# [WORK TO COMPLETE]
Only the count is expected: the number of lines below that contain "Photo".

─── INFORMATION GIVEN

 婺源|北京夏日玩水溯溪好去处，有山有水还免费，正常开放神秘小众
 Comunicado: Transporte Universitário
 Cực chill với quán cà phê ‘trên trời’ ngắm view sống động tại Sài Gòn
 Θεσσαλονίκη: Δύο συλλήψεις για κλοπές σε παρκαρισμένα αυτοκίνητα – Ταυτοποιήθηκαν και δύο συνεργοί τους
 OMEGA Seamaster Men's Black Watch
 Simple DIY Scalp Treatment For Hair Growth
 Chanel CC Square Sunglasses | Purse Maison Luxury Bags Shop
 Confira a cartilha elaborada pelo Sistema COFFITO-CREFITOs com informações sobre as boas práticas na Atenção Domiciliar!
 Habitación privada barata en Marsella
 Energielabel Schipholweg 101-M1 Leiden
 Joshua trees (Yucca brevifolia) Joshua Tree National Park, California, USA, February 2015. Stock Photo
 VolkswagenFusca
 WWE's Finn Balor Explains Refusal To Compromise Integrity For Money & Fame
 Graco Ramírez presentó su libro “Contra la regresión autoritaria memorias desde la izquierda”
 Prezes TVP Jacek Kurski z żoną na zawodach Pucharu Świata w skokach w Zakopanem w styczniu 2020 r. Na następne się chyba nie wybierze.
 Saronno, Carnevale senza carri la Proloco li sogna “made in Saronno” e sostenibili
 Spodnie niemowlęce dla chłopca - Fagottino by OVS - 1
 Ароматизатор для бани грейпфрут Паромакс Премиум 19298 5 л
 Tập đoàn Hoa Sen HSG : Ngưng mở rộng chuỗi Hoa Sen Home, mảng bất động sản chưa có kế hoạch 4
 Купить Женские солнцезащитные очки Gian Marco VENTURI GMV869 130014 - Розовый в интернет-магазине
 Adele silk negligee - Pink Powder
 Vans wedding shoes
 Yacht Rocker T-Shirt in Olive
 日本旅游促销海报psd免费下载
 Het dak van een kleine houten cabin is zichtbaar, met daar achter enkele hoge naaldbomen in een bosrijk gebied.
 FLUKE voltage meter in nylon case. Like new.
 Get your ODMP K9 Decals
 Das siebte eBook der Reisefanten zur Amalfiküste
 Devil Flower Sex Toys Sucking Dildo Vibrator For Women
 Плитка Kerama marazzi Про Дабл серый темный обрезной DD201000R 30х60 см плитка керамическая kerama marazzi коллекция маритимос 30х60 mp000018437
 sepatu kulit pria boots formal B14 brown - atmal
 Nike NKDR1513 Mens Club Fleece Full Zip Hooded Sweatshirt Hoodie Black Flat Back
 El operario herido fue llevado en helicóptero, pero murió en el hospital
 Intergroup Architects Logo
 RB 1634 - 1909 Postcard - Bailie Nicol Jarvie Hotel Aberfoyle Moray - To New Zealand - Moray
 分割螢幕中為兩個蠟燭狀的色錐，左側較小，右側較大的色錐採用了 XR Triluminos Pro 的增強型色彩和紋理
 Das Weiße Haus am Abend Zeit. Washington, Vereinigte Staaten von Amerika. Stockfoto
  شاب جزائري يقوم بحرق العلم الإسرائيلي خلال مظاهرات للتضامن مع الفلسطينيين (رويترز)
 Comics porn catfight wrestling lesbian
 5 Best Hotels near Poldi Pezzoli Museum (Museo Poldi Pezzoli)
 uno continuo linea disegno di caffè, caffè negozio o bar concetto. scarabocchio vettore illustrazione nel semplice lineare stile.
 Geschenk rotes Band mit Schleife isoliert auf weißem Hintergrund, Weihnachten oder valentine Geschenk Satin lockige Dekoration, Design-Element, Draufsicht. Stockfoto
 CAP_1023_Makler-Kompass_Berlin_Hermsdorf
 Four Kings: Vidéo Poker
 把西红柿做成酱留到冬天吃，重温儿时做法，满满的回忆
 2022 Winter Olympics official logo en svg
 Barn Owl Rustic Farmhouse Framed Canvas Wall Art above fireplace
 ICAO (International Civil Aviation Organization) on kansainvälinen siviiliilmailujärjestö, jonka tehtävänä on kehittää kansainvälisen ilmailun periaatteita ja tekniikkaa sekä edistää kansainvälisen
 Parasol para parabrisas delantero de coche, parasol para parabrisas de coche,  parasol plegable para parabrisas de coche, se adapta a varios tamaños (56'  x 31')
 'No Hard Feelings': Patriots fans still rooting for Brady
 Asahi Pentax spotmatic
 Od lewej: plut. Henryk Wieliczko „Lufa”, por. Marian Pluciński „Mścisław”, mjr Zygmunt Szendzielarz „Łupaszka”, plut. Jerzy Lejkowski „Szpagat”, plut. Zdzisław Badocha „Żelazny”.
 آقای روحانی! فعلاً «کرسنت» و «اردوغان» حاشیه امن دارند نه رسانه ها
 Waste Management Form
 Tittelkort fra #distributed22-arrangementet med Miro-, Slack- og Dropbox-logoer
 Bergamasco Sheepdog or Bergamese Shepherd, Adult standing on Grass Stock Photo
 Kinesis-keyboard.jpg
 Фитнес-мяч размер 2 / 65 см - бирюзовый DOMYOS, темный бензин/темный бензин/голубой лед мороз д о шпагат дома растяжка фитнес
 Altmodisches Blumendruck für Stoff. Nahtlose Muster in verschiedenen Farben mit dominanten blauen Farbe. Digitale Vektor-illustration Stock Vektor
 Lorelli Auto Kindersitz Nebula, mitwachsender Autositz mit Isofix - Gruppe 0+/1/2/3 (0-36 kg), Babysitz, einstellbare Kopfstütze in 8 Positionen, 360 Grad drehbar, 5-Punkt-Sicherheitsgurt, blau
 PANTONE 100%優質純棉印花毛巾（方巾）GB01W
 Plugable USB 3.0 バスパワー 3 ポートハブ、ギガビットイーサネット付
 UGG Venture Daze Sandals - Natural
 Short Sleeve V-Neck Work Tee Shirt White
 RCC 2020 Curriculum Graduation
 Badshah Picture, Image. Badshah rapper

──────

# [SOLUTION FOR THIS PROBLEM]
2